Source material
+---+

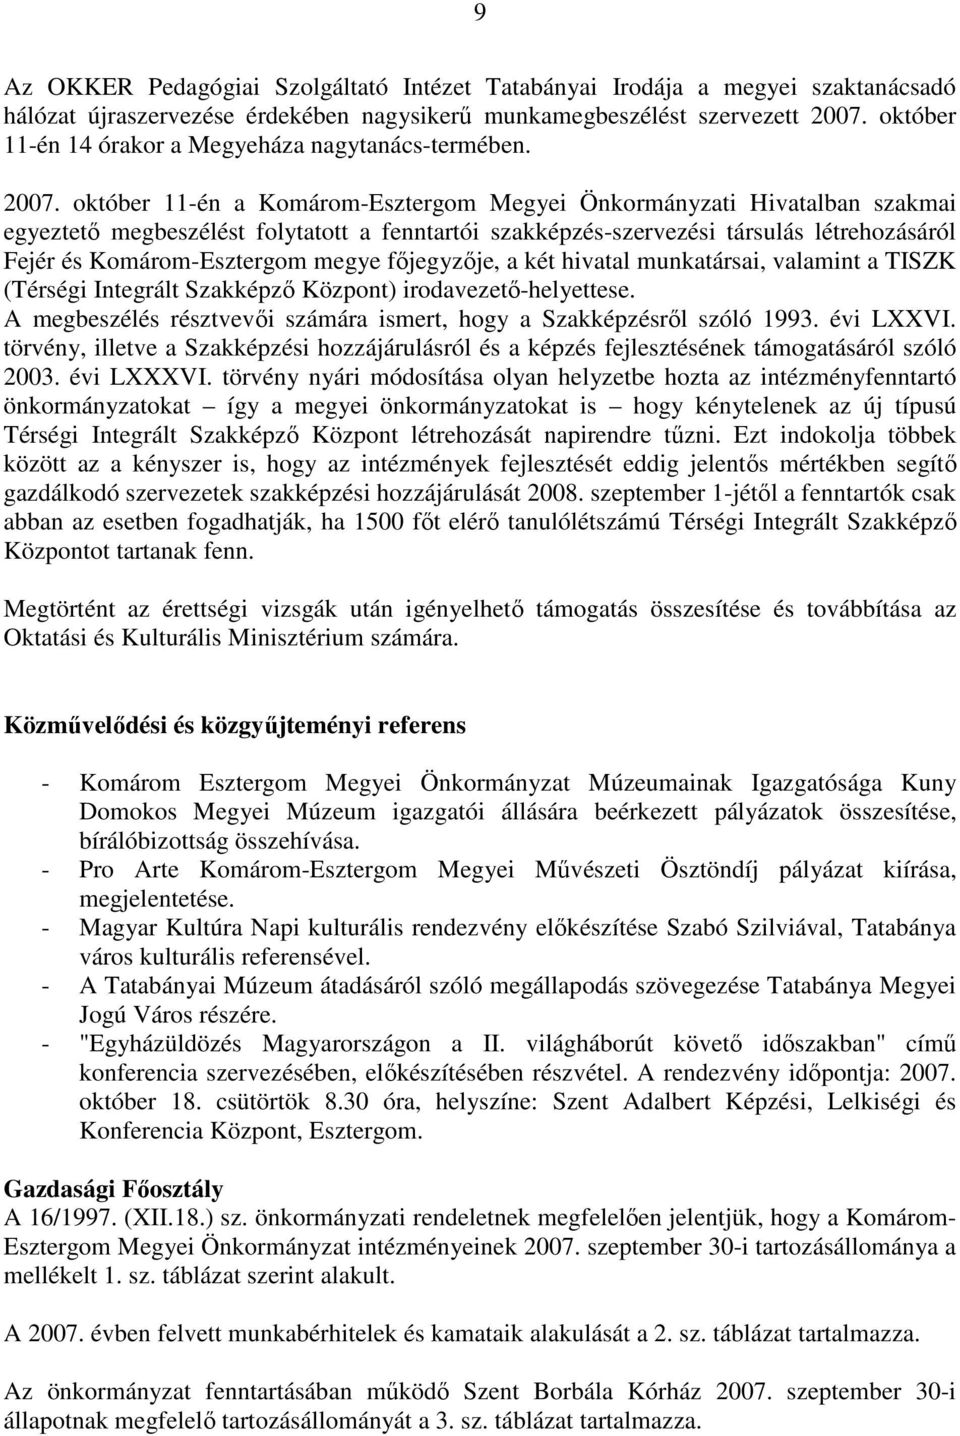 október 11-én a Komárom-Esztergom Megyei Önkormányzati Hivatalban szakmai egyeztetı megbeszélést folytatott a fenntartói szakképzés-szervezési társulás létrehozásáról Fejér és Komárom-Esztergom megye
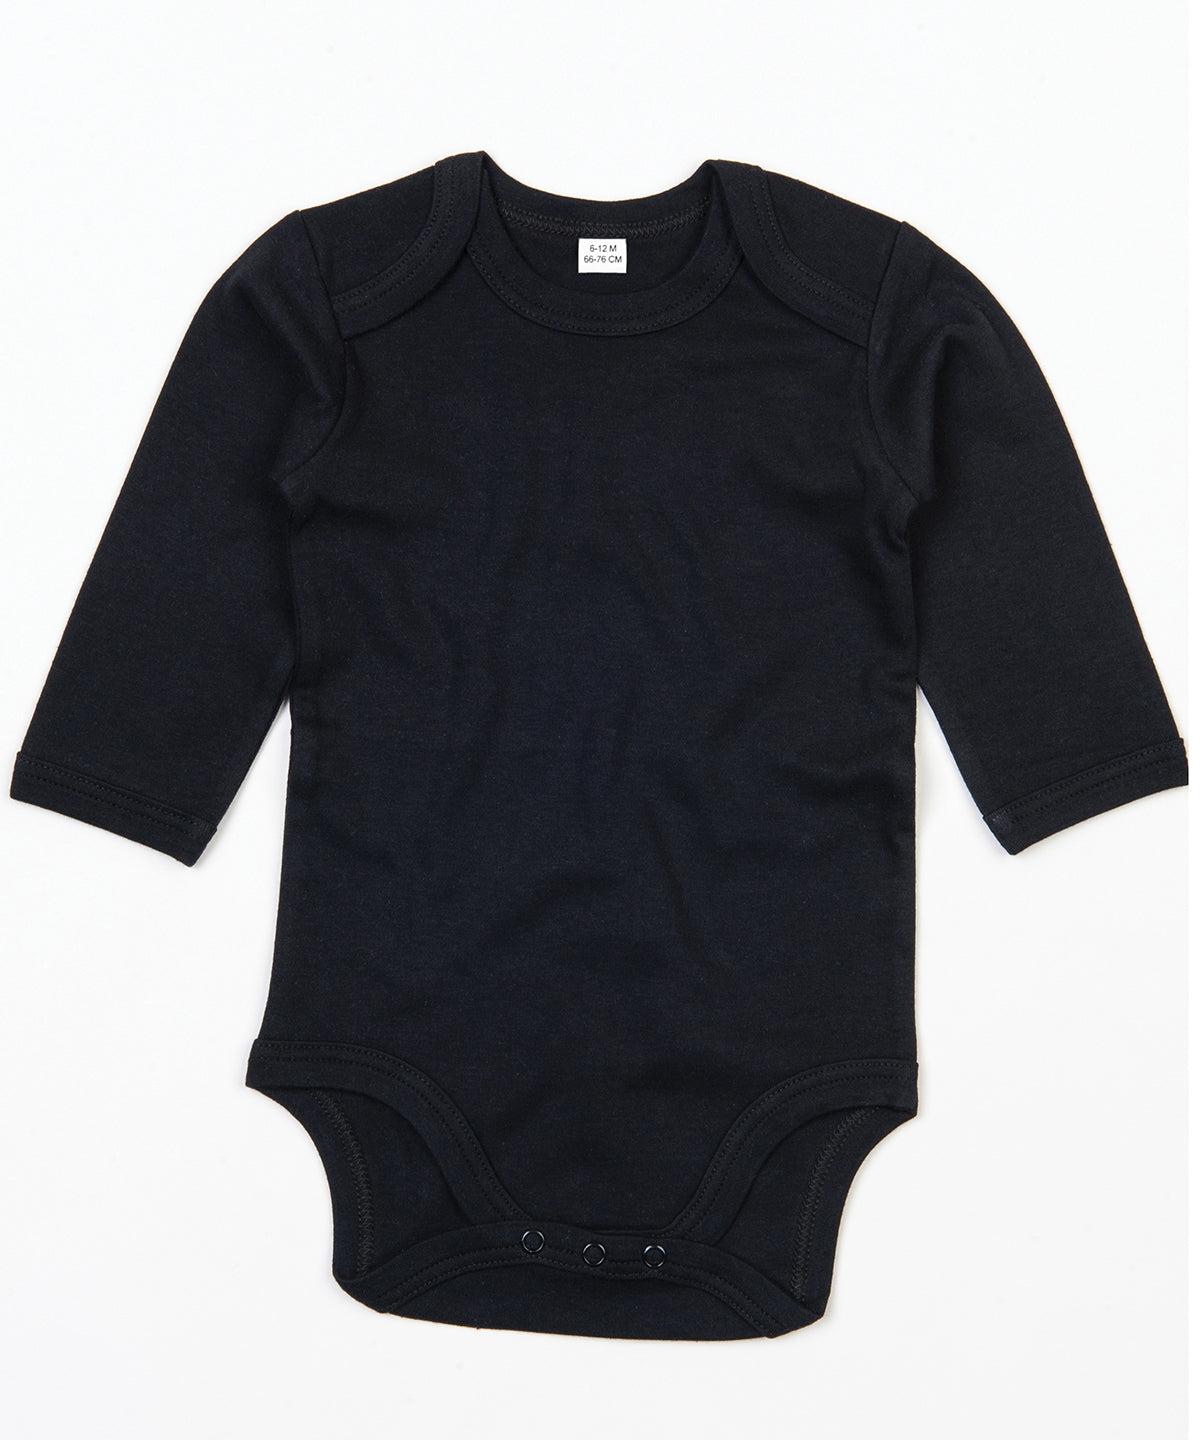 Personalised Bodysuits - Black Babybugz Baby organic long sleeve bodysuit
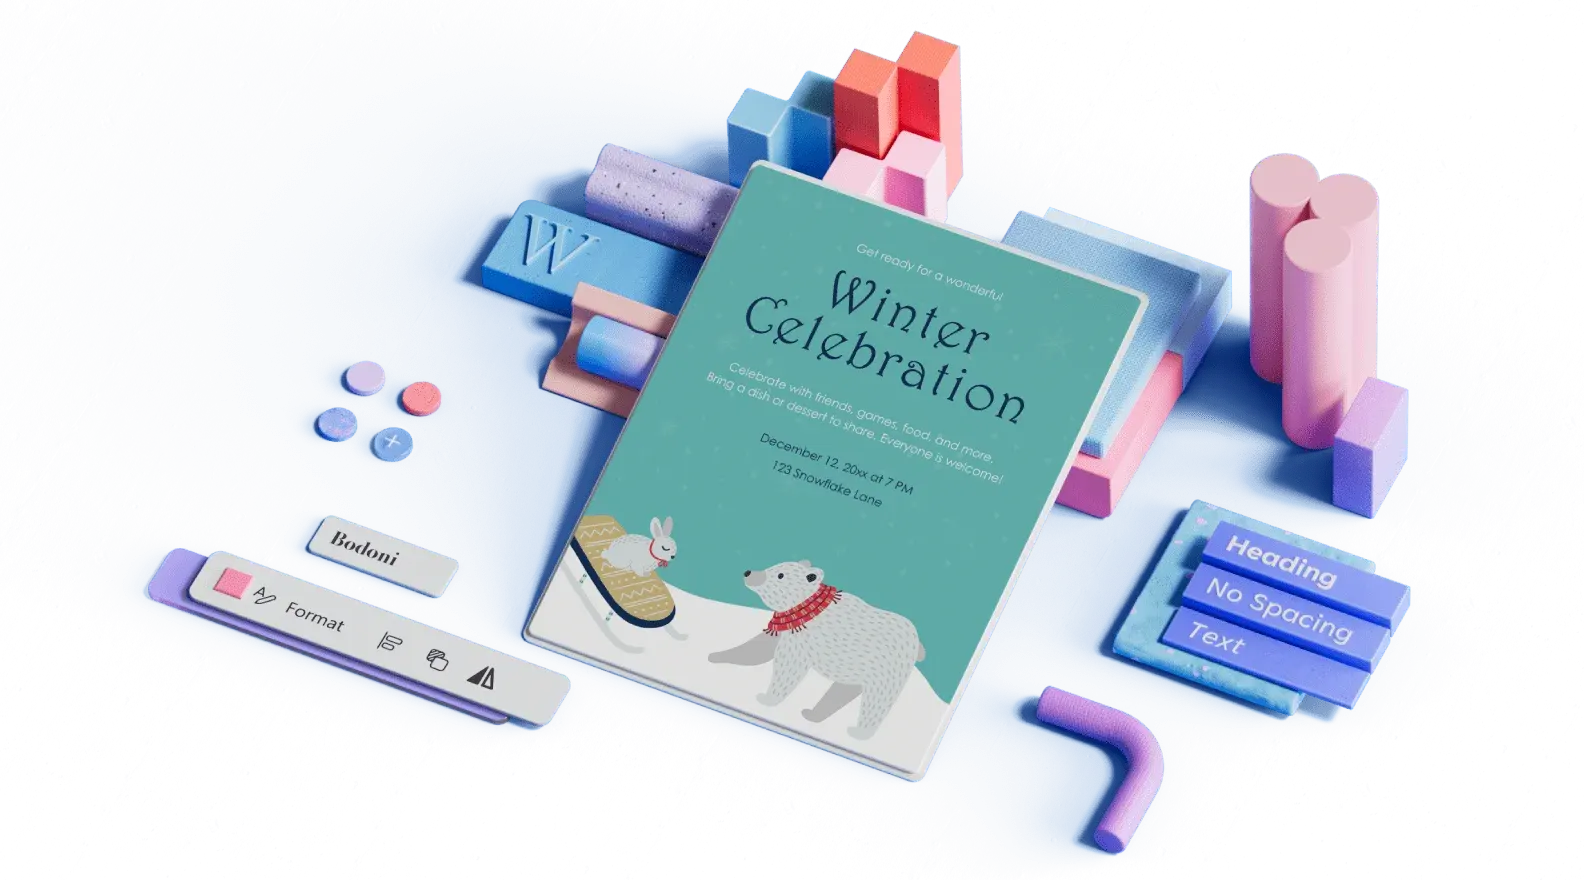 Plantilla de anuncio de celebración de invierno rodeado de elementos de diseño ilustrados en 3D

+---+

Task instructions
After locating the line that holds "Personalised Bodysuits - Black", output exactly the lines from it through the last line of the material above, inclusive, without pictures.

Solution for this problem
 Personalised Bodysuits - Black Babybugz Baby organic long sleeve bodysuit
 Plantilla de anuncio de celebración de invierno rodeado de elementos de diseño ilustrados en 3D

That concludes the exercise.